Antrittsvorlesungen von

Univ.-Prof. Dr. Jörg Peter Lücke
Univ.-Prof. Dr. Radu-Aurel Prodan

Institut für Informatik

Mittwoch, 29. April 2026

17:00 Uhr

Großer Hörsaal an der Technik, 6020 Innsbruck

Um Anmeldung wird bis spätestens 20. April 2026 gebeten.

Jörg Peter Lücke

Jörg Lücke received his doctoral degree from the Ruhr-University Bochum, Germany, in 2005, where he worked at the Institute for Neuroinformatics.

After his doctoral research, he joined the Gatsby Computational Neuroscience Unit, UCL, UK, as a senior research fellow. With grants from different funding agencies, Jörg Lücke then established his own lab at the Goethe-University Frankfurt in 2008, and later moved the lab to the TU Berlin.

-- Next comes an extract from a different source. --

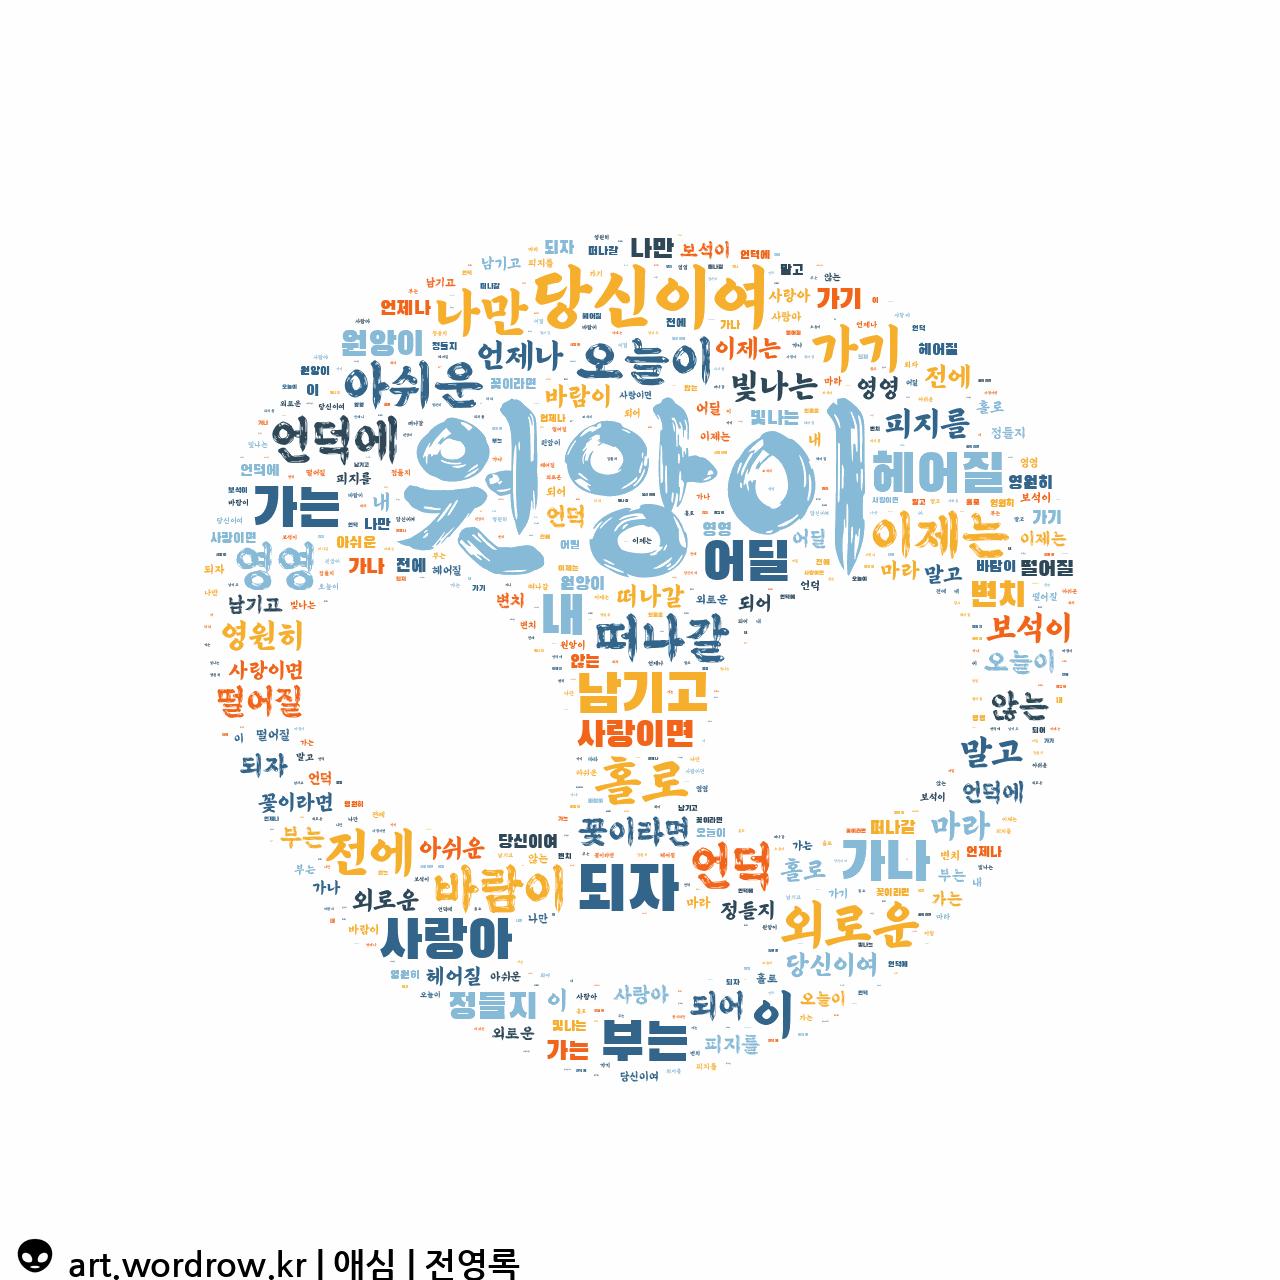 워드 아트: 애심 [전영록]-28

Since 2013, Jörg Lücke has been an associate professor for Machine Learning at Oldenburg University, Germany. In 2021 he received a call from a Bavarian University to become full professor of Theoretical Machine Learning, which he declined to become a full professor at Oldenburg University. In 2025 Jörg Lücke joined the University of Innsbruck as full professor in Computer Science and as head of the Artificial Intelligence Lab.

Abstract

Our time is probably the first time in human history that experiences the emergence of an artificial alternative to human intelligence. This alternative, commonly termed artificial intelligence, is having a profound impact on science, education, the economy and society.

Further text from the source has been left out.